* **Directions for this task**: Pictures aside, the data must be reproduced exactly.

* **Available data**:

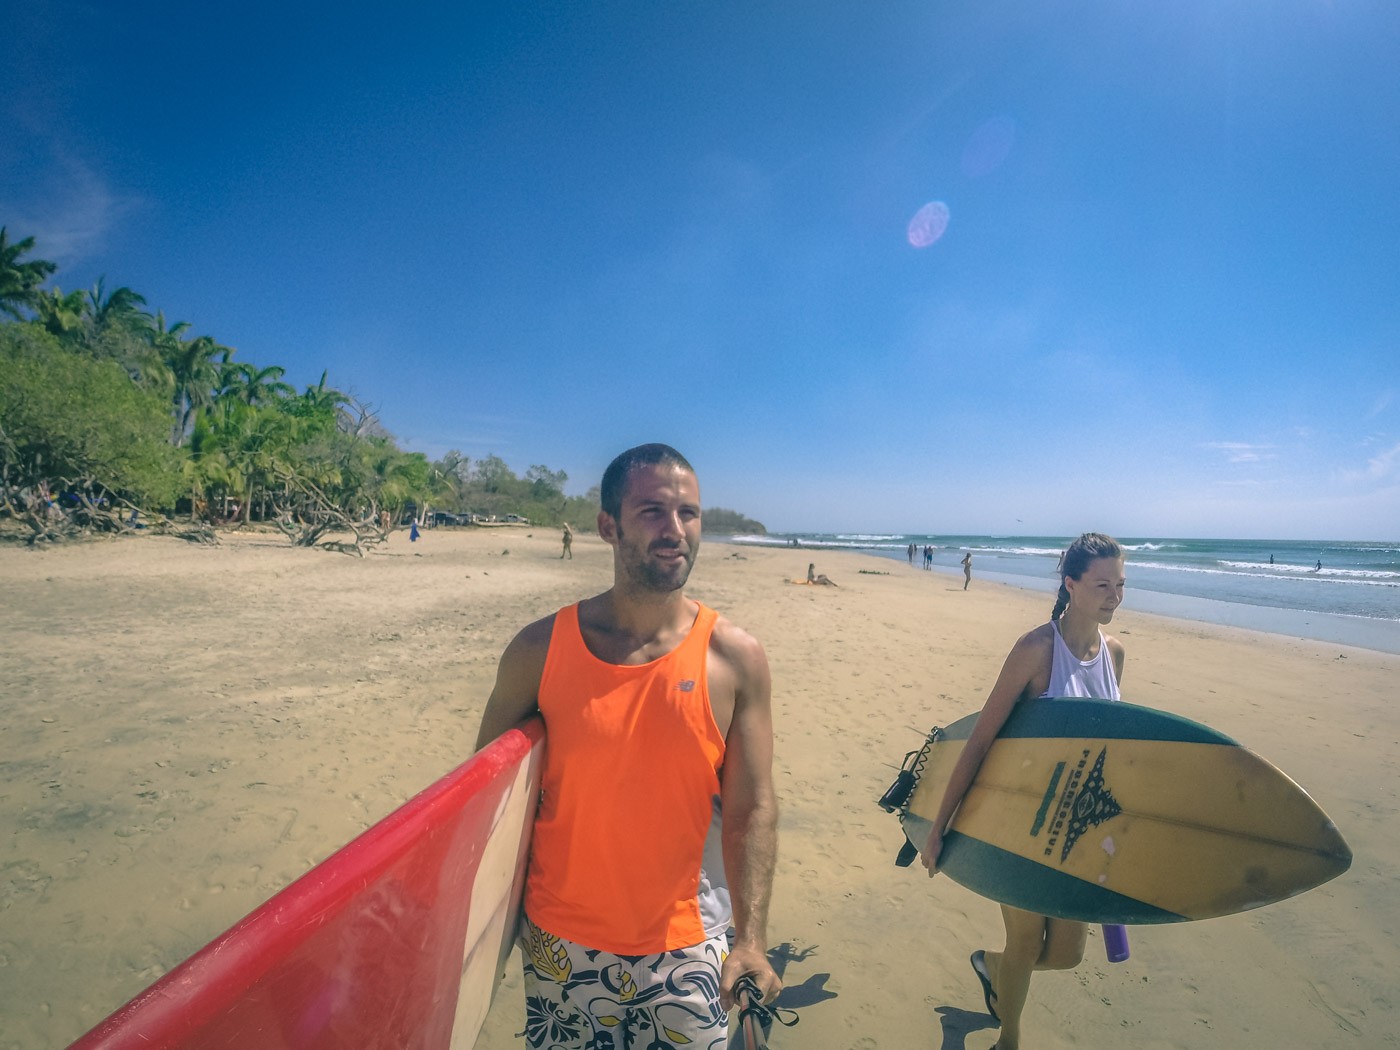 Max and Oksana heading out for a surf. Playa Avellanas. Costa Rica
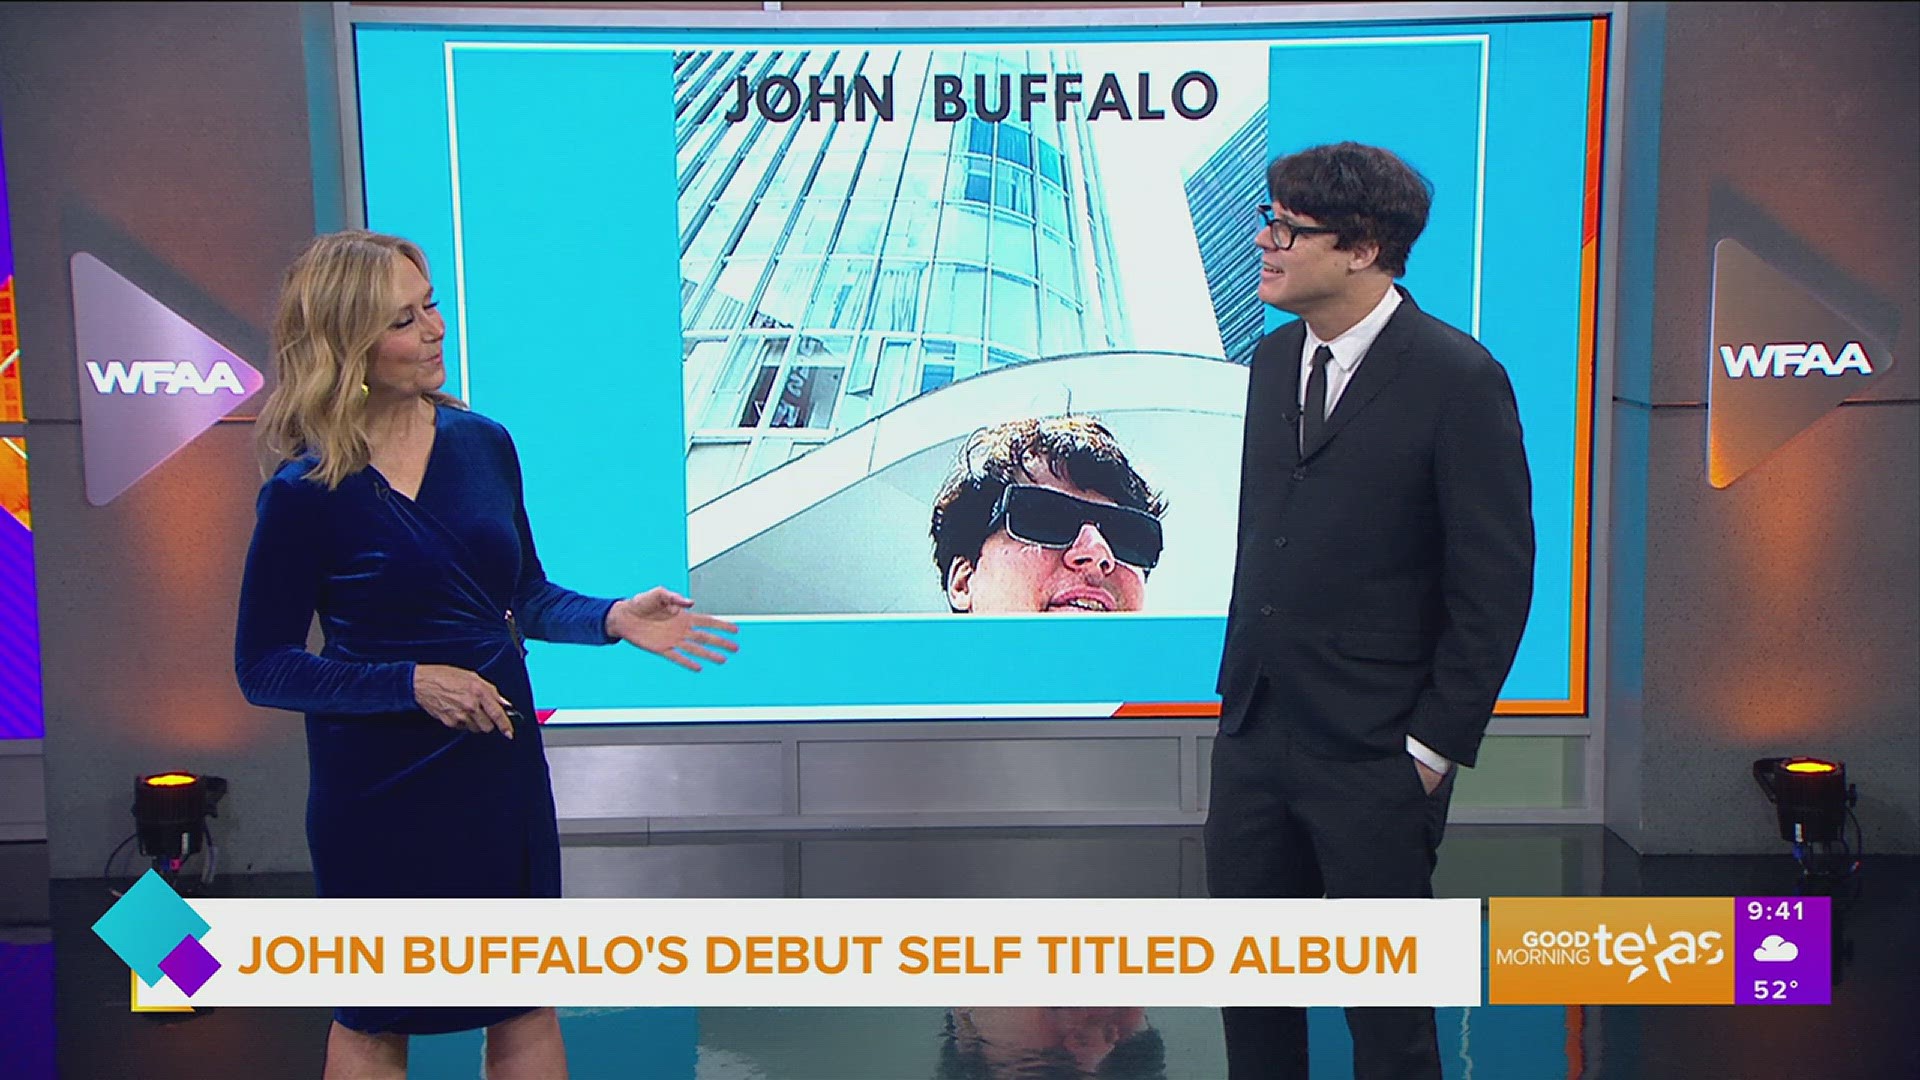 Dallas Musician John Buffalo talks about releasing his debut self titled album after near death experience and help from Stephen King
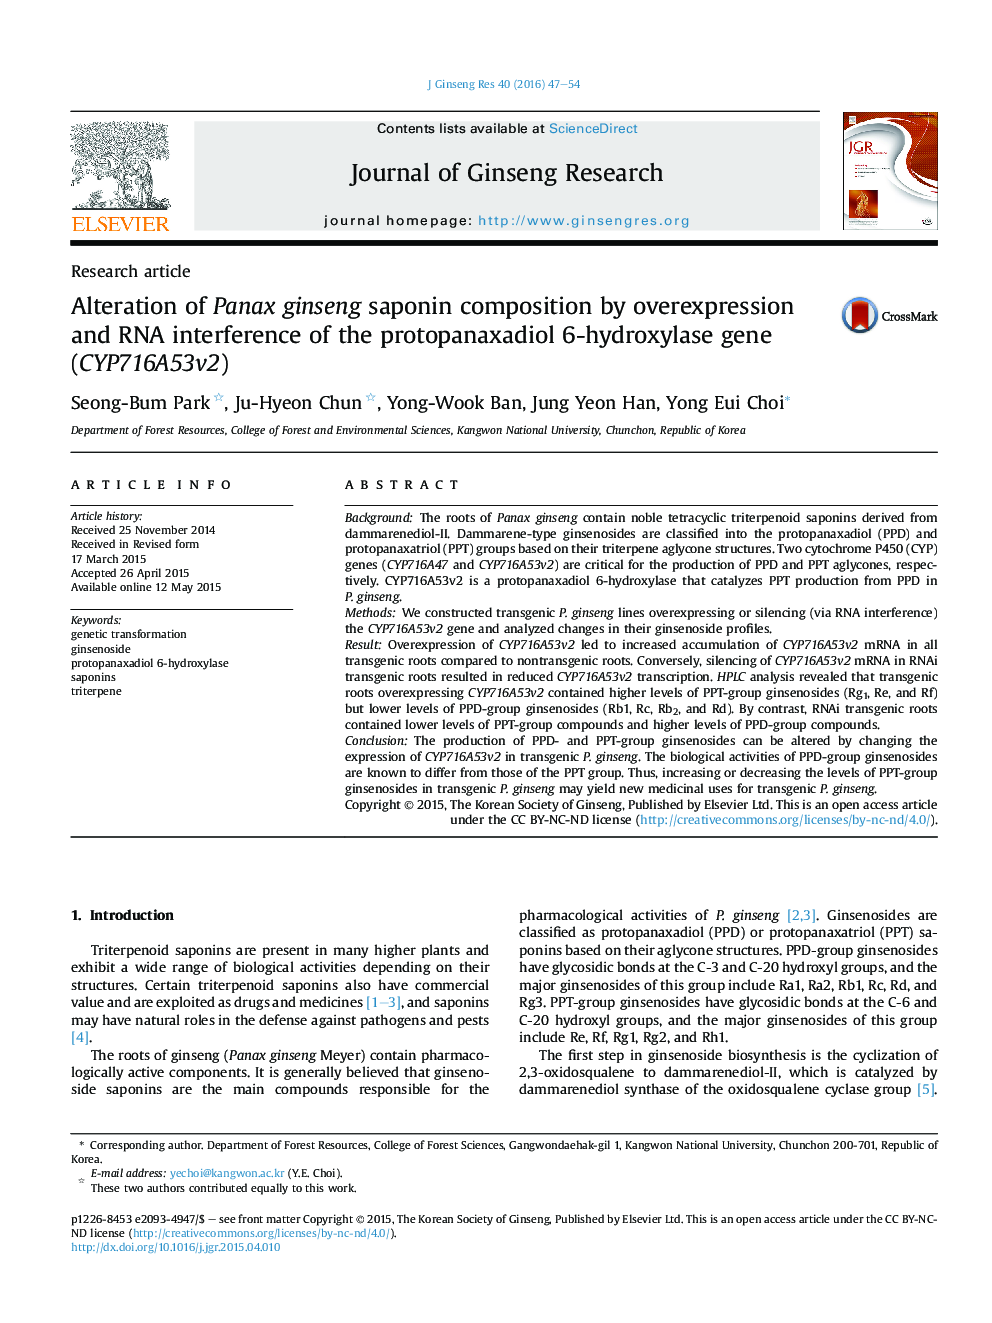 Alteration of Panax ginseng saponin composition by overexpression and RNA interference of the protopanaxadiol 6-hydroxylase gene (CYP716A53v2)

* **Written answer**:
 Max and Oksana heading out for a surf. Playa Avellanas. Costa Rica
 Dallas Musician John Buffalo talks about releasing his debut self titled album after near death experience and help from Stephen King
 Alteration of Panax ginseng saponin composition by overexpression and RNA interference of the protopanaxadiol 6-hydroxylase gene (CYP716A53v2)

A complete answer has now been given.